Case lives and works in Indiana, where a ban on most abortions took effect for a week in late September until a judge temporarily halted the ban. The state has since appealed the judge’s order and asked the Indiana’s high court to take up the case. Meanwhile, Case is also licensed to practice in New Mexico, a state where abortion remains legal.

Before Indiana’s abortion ban took effect, Case would use her days off to provide reproductive health services, including abortion care, via telemedicine through a clinic that serves patients in New Mexico. Many of them travel from neighboring Texas, where abortion is banned.

Some travel solo, she says, and others have their children with them.

“Some people are [staying in] hotels, others might have family or friends they can stay with, some are just sleeping in their cars,” Case says. “It’s really awful.”

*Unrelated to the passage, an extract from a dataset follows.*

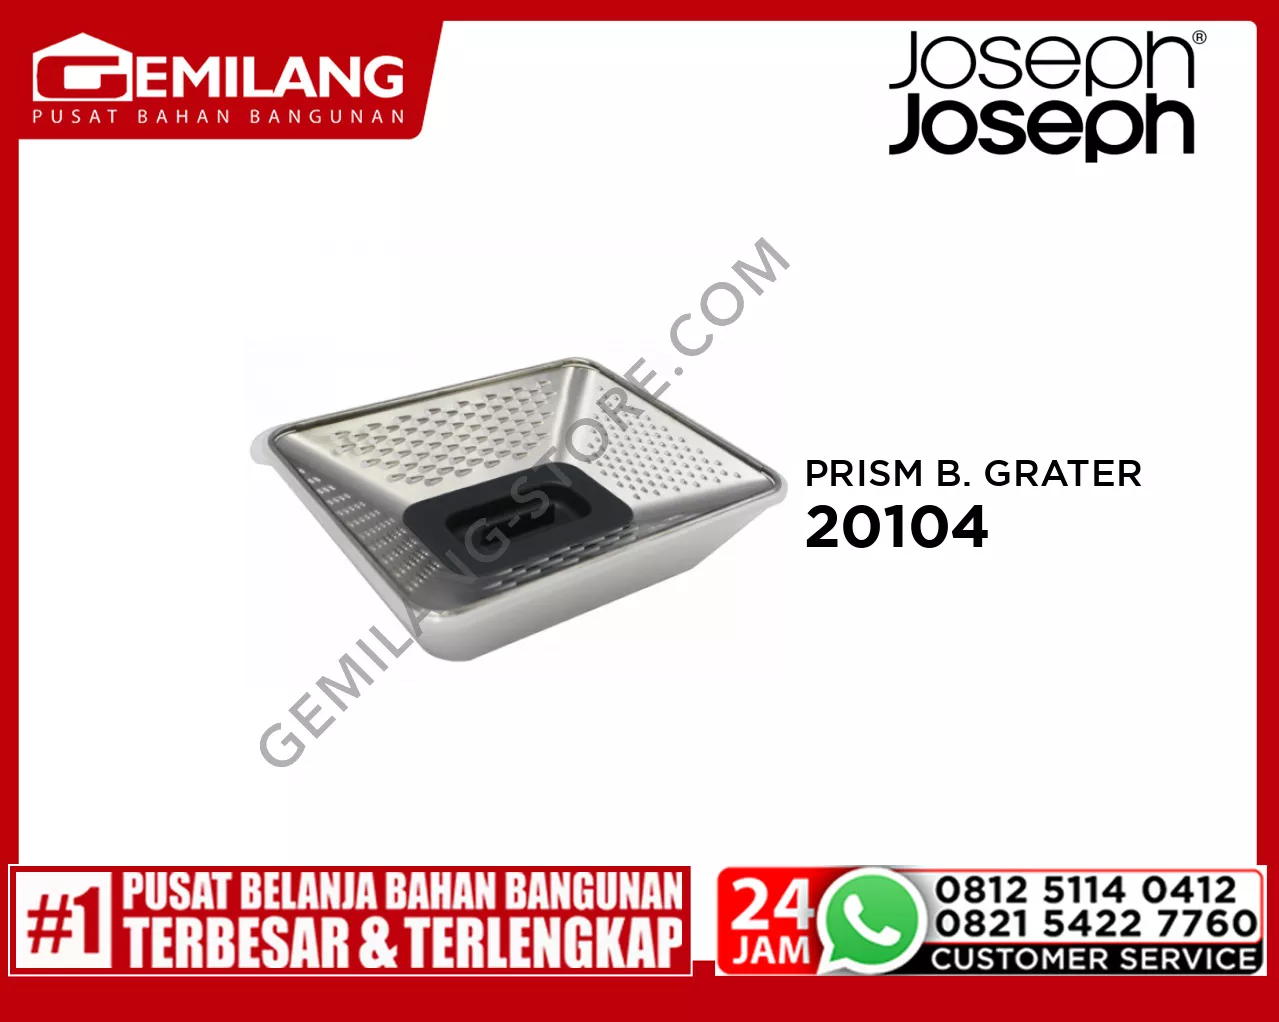 JOSEPH JOSEPH PRISM BOX GRATER 20104

During a telemedicine appointment, doctors, nurses or other qualified health professionals review the medical history of the patient and ensure eligibility for a medication abortion. They give the patient information about how the two pills work, how to take them, what to look out for as the body expels the pregnancy, and when to seek medical attention in the rare instance of complications. The medications are then mailed to the patient, who must provide a mailing address in a state where abortion is legal.

In the U.S., more than a dozen states severely restrict access to abortion, and almost as many have such laws in the works. Across the country, since Roe v. Wade was overturned, clinics that do provide abortions have seen an increase in demand. Many clinics rely on help from physicians out of state, like Case, who are able to alleviate some of the pressure and keep wait times down by providing services via telemedicine.

But as more states move to restrict abortion, these providers are finding themselves navigating an increasingly complicated legal landscape.

Is abortion by telemedicine legal? Experts differ

Medication abortions work for most people who are under 11 weeks pregnant, and research suggests medication abortion via telemedicine is safe and effective. Yet many states have enacted legislation to ban or limit access to telehealth abortions.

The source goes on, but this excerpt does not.